While for Mary Sorrrell, these sculptures with their animal associations were wholly enchanting and lyrical, other contemporary critics had a different interpretation. Herbert Read considered Chadwick's work to reflect the spirit of its time or Zeitgeist. To them the post-war period was characterised by extreme technological sophistication and base human aggression. The formal and technical refinement of the work combined with its animalistic references was an expression of this pervasive spirit.
At the time of Stabile with Mobile Element's creation, Chadwick was about to gain international recognition as one of several young sculptors representing Britain at the 1952 Venice Biennale, a confident assertion that Henry Moore and Barbara Hepworth would be succeeded by a talented, new generation. The artists were Robert Adams, Kenneth Armitage, Reg Butler, Geoffrey Clarke, Bernard Meadows, Eduardo Paolozzi, William Turnbull and of course Lynn Chadwick. Their work was characterised by spiky, alien-looking twisted and tortured figures. These were executed in pitted bronze or welded metal and vividly expressed a range of states of mind and emotions related to the anxieties and fears of the post-war period. Of their work Read wrote: ‘These new images belong to the iconography of despair, or of defiance; and the more innocent the artist, the more effectively he transmits the collective guilt. Here are images of flight, or ragged claws "scuttling across the floors of silent seas", of excoriated flesh, frustrated sex, the geometry of fear' (Herbert Read, ‘New Aspects of British Sculpture’, The XXVI Venice Biennale: The British Pavilion, 1952).

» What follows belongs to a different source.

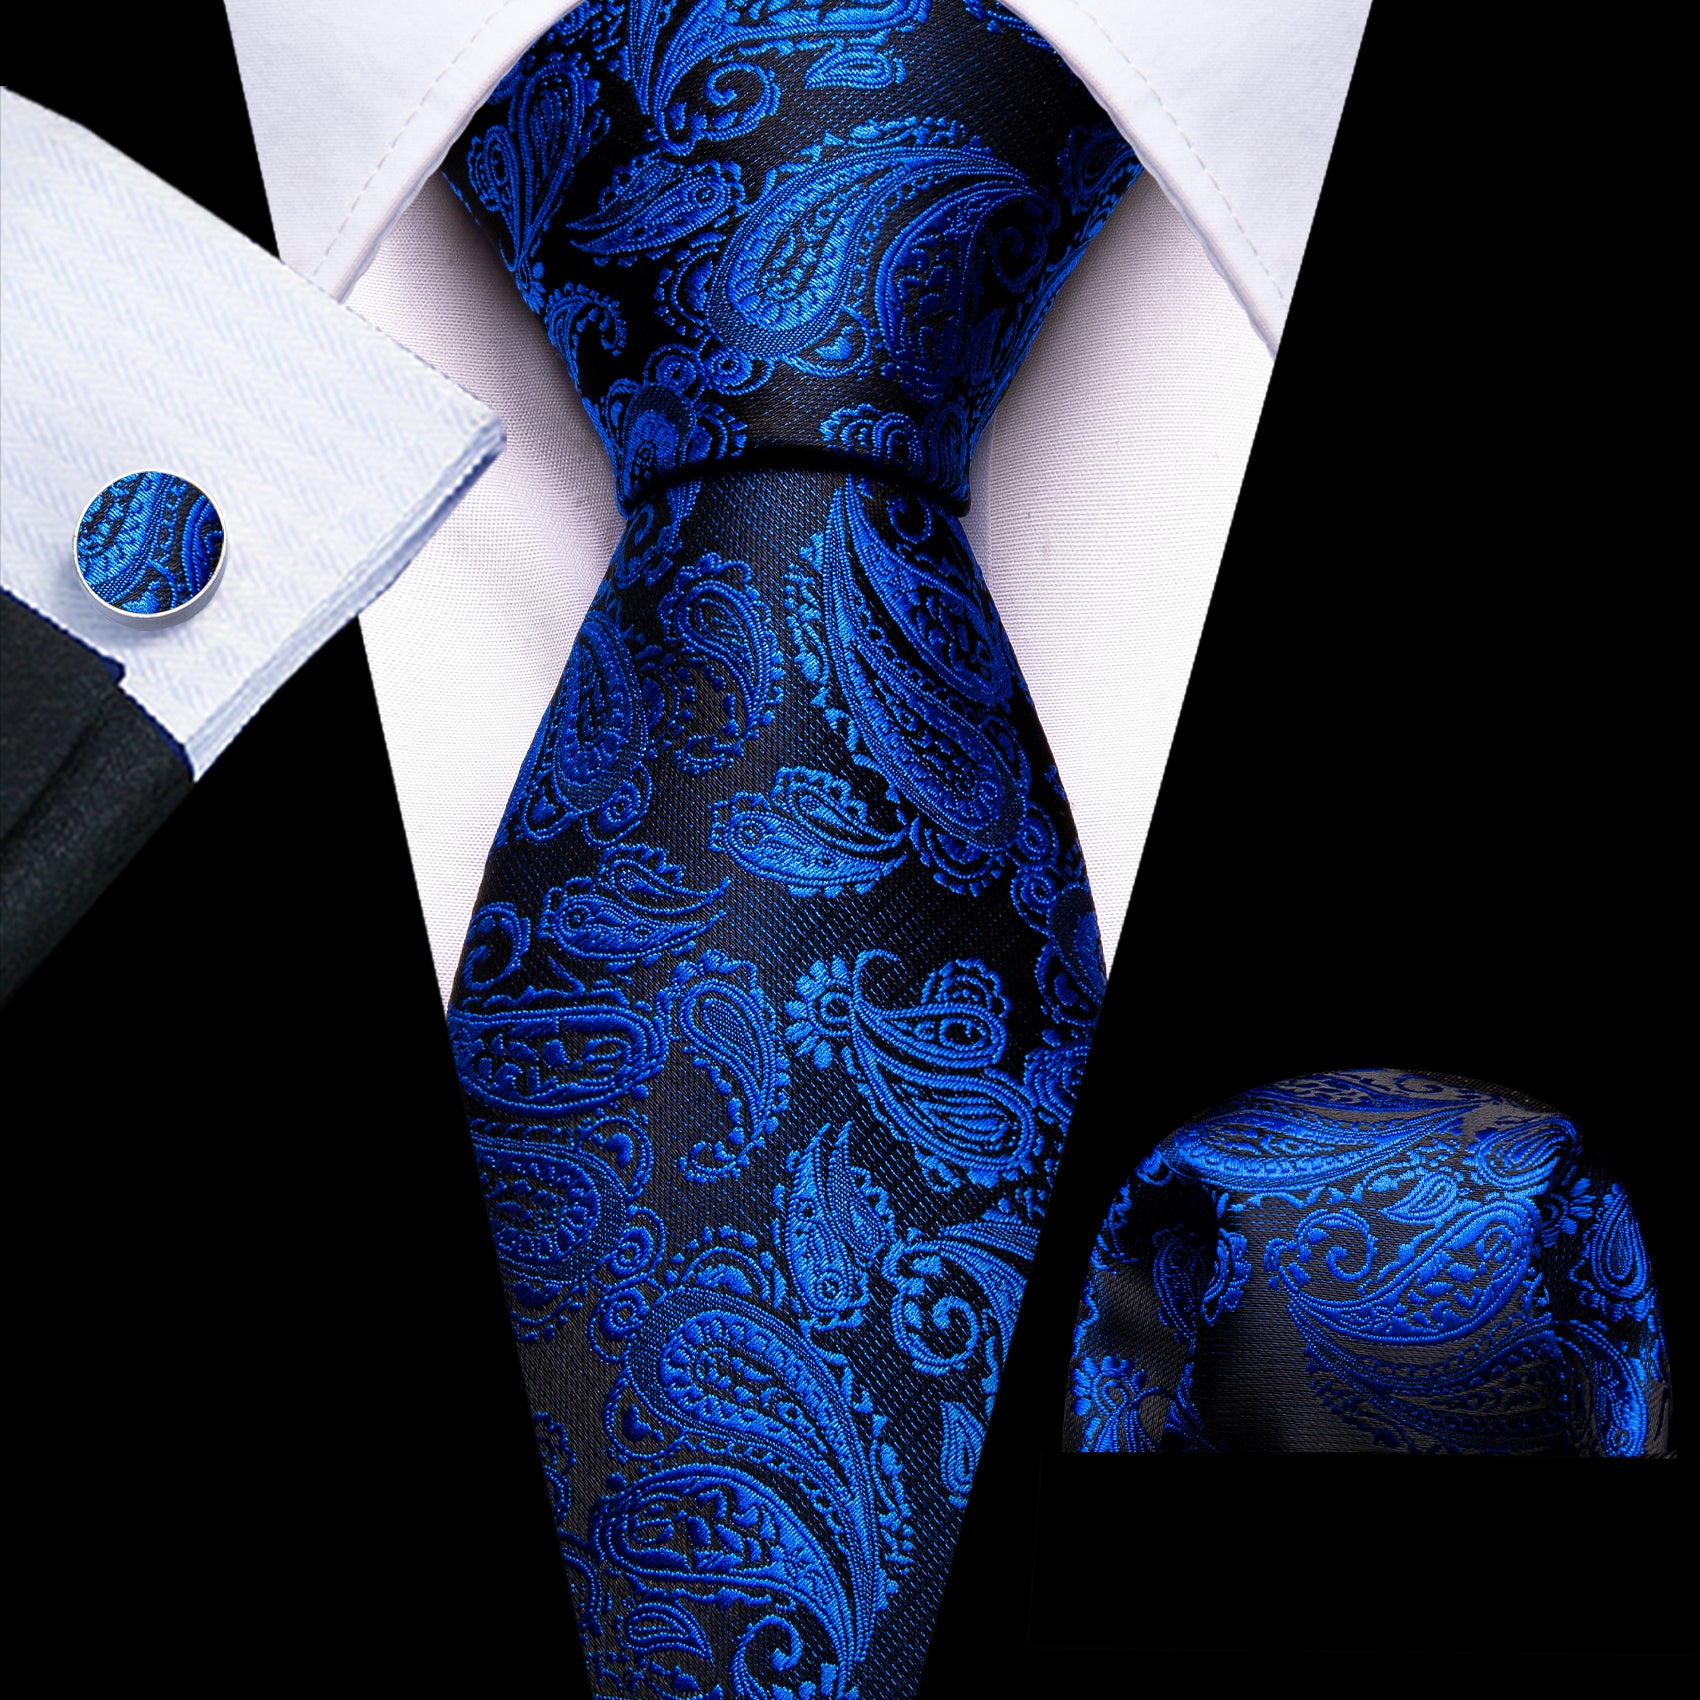 Blue Black Paisley Silk 63 Inches Extra Long Tie Pocket Square Cufflinks Set

In 1956 Chadwick’s reputation would be consolidated when he was awarded the International Sculpture prize at the Venice Biennale ahead of famed sculptors such as Alberto Giacometti. Alan Bowness wrote: 'Chadwick has been one of the revelations of the Biennale. Quite apart from the distinguished and highly original quality of his imagination, it is the beauty and sensitivity of execution that impresses. He may make use of the "creative accident", but the very sureness of his control makes most modern sculpture look simply incompetent by the side of his work. This Biennale award marks the emergence of Lynn Chadwick as a figure of international artistic importance' (Alan Bowness, 'The Venice Biennale', Observer, 24th June 1956, quoted in Lynn Chadwick, Tate, London, 2003, p.44).